🤖 AI Summary
This work addresses a critical gap in the testing of machine learning (ML) components, where existing approaches predominantly focus on model performance while neglecting system-level quality attributes such as throughput, resource consumption, and robustness—often leading to integration failures. To bridge this gap, the paper proposes the first standalone quality model specifically tailored for ML components. Grounded in the ISO/IEC 25010 quality standard framework and informed by requirements engineering and software quality modeling techniques, the model systematically decouples and structures key quality attributes of ML components, thereby addressing the lack of component-level applicability in ISO/IEC 25059. It provides developers and stakeholders with a unified terminology to prioritize testing efforts. The model’s effectiveness has been validated through user studies and has been integrated into an open-source ML testing tool, enabling practical deployment.
📝 Abstract
Despite increased adoption and advances in machine learning (ML), there are studies showing that many ML prototypes do not reach the production stage and that testing is still largely limited to testing model properties, such as model performance, without considering requirements derived from the system it will be a part of, such as throughput, resource consumption, or robustness.

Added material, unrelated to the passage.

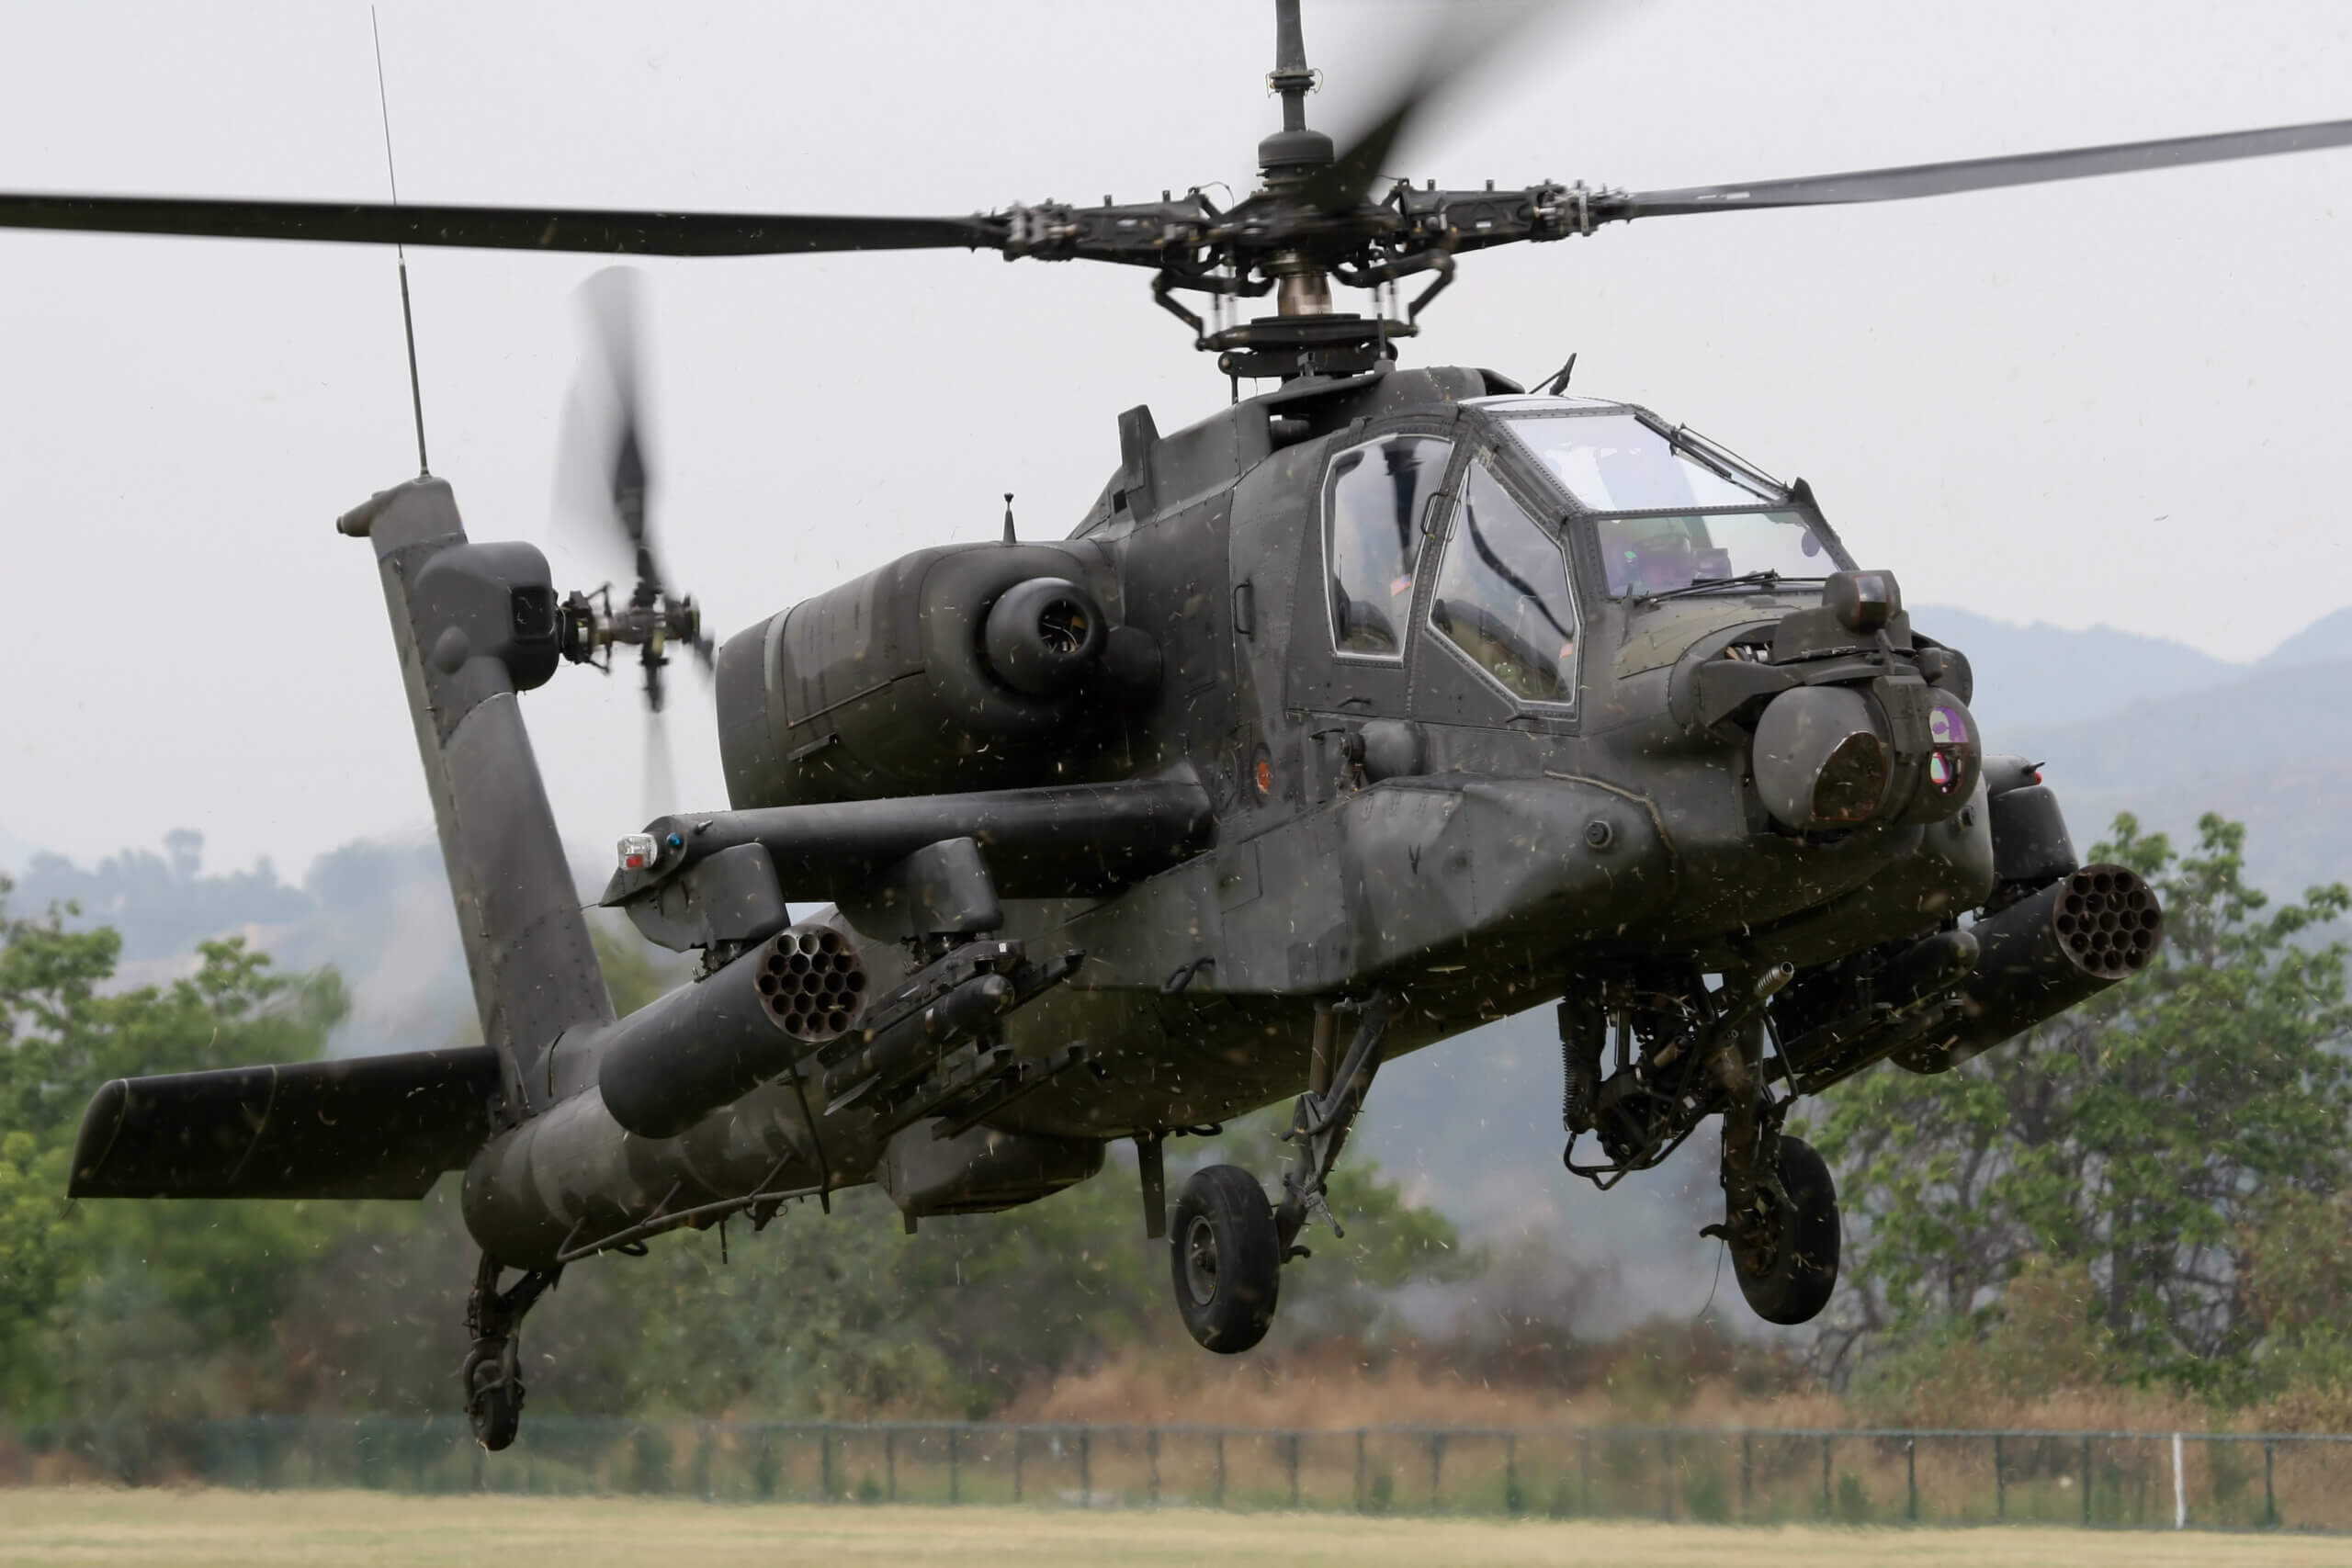 Iraq War Helicopters - Boeing AH-64 Apache

This limited view of testing leads to failures in model integration, deployment, and operations. In traditional software development, quality models such as ISO 25010 provide a widely used structured framework to assess software quality, define quality requirements, and provide a common language for communication with stakeholders. A newer standard, ISO 25059, defines a more specific quality model for AI systems. However, a problem with this standard is that it combines system attributes with ML component attributes, which is not helpful for a model developer, as many system attributes cannot be assessed at the component level. In this paper, we present a quality model for ML components that serves as a guide for requirements elicitation and negotiation and provides a common vocabulary for ML component developers and system stakeholders to agree on and define system-derived requirements and focus their testing efforts accordingly. The quality model was validated through a survey in which the participants agreed with its relevance and value. The quality model has been successfully integrated into an open-source tool for ML component testing and evaluation demonstrating its practical application.